- Born: 29 October 1988 (age 37) Merida, Venezuela
- Occupation: Actress
- Years active: 2002–present
- Spouse: Jonathan Montenegro ​ ​(m. 2011; div. 2014)​
- Children: 1

= Yelena Maciel =

Venezuelan actress (born 1988)

Yelena Carolina Maciel Vera (born 29 October 1988 in Merida, Venezuela) is a Venezuelan actress. She became known in 2002 on the Radio Caracas Televisión's telenovela, Trapos íntimos. In 2015 she obtained his first leading role in the RCTV Producciones telenovela, Corazón traicionado, a production that premiered 3 years later in Venezuela for Televen.

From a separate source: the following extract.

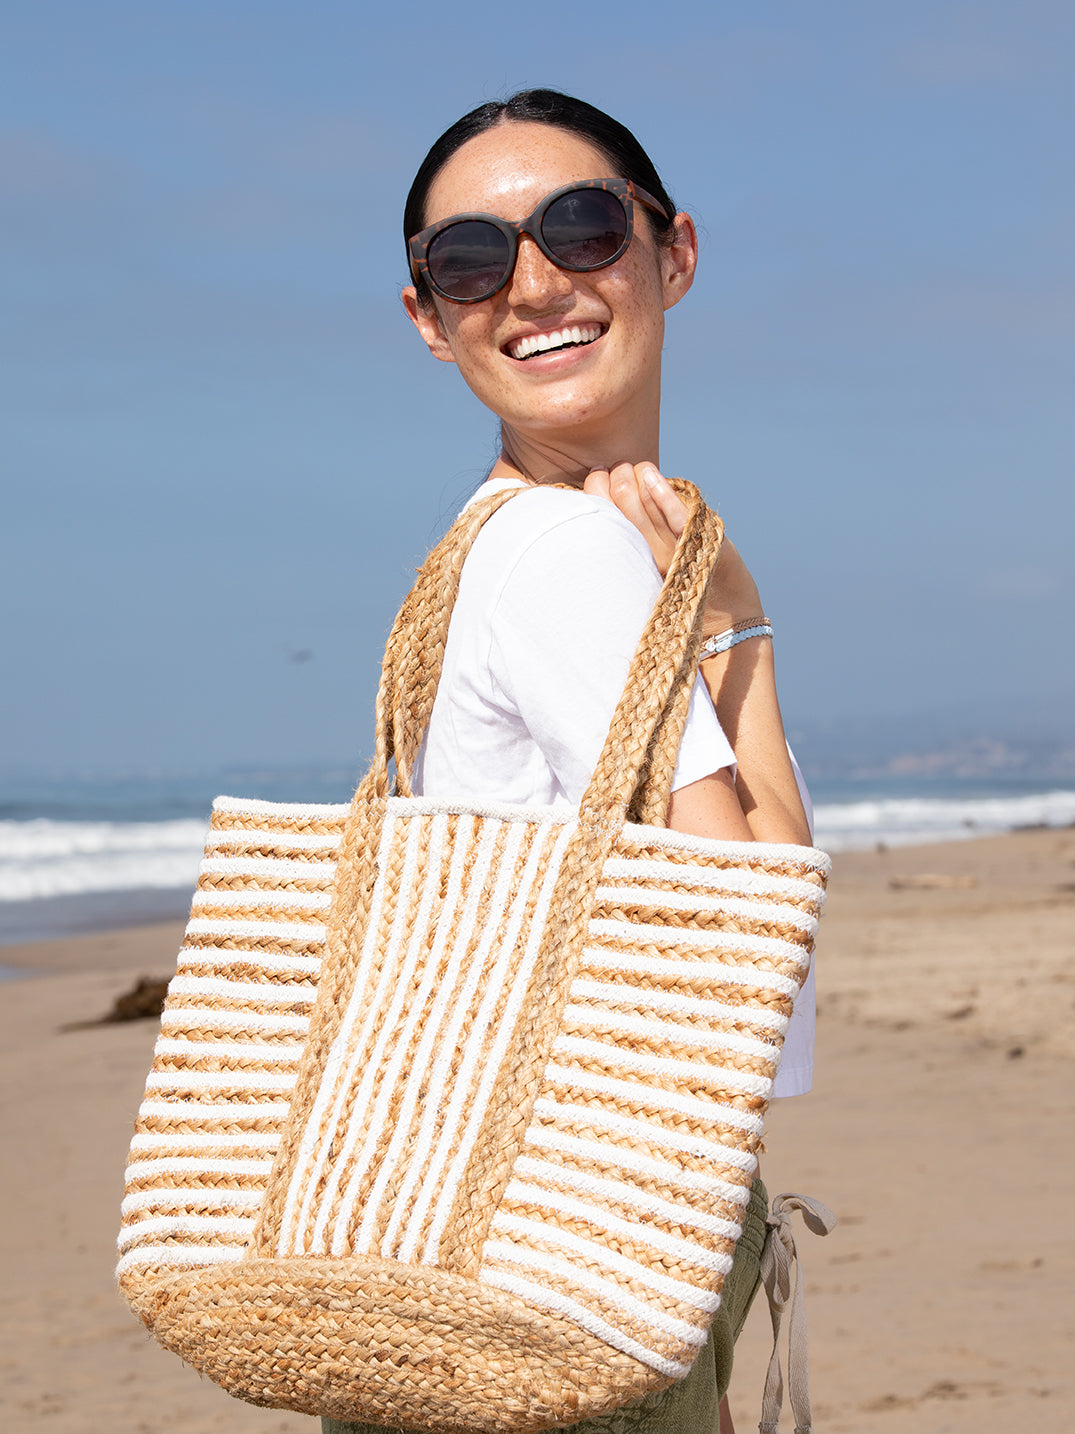 RECYCLED WHITE STRIPED BRAIDED JUTE BEACH ECO-TOTE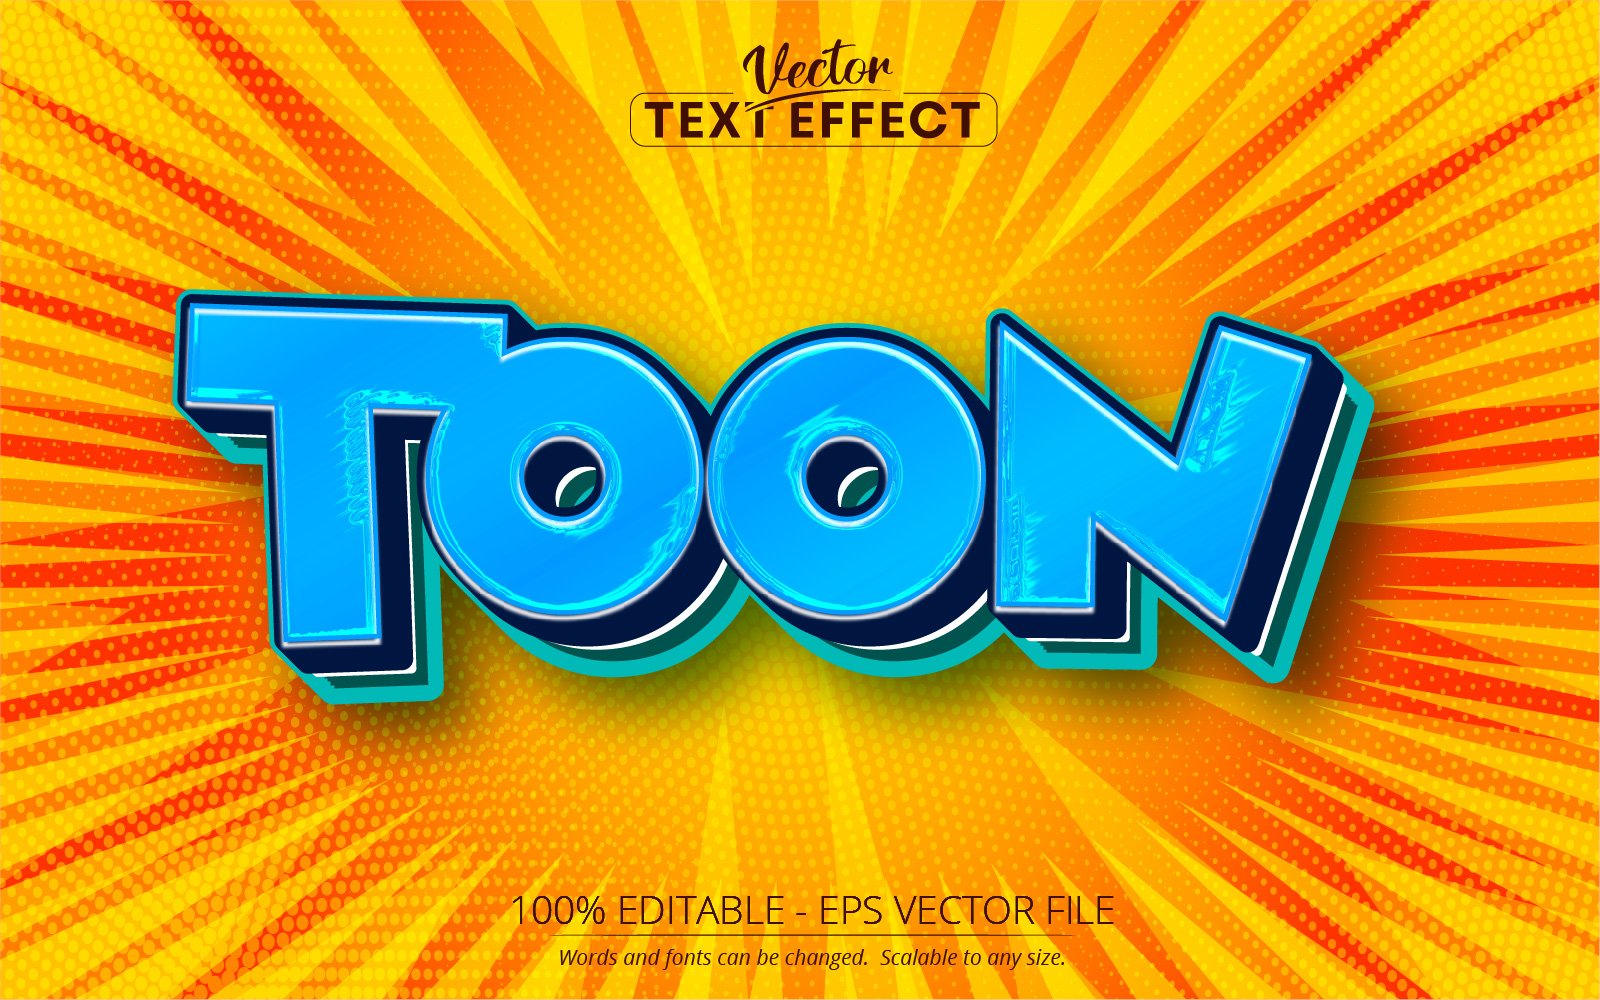 Toon - Editable Text Effect, Orange And Blue Comic Text Style, Graphics Illustration

Maciel, with fellow Venezuelan Carlos Felipe Álvarez, starred within the music video for Daddy Yankee's "La Rompe Corazones", directed by Venezuelan director Nuno Gómes. The clip was scheduled to premier on Daddy Yankee's YouTube account on June 2, 2017 but had to be re-edited on June 1, 2017 due to the platform's change on its content regulations. The visual finally premiered on 7 June 2017.
== Filmography ==

Television roles
| Year | Title | Roles | Notes |
|---|---|---|---|
| 2002–2003 | Trapos íntimos | María de Lourdes Lobo |  |
| 2004 | ¡Qué buena se puso Lola! | Anita |  |
| 2005–2006 | Amantes | Teresa Rivera |  |
| 2006–2007 | Y los declaro marido y mujer | Eulalia "Lali" Spert Mujica |  |
| 2008–2009 | Nadie me dirá como quererte | Isabelita Perez |  |
| 2011 | La viuda joven | La Pelusa / Ruth Luna |  |
| 2014 | Escándalos | Sarahil Fadoul Yadhir | Episode: "Un gato para Sarahil" |
| 2017–2018 | Corazón traicionado | Lorena García | Main role |

== Personal life ==
Maciel never married the Venezuelan actor Jonathan Montenegro in 2011 with the couple having their only child daughter in 2012. They divorced in 2014.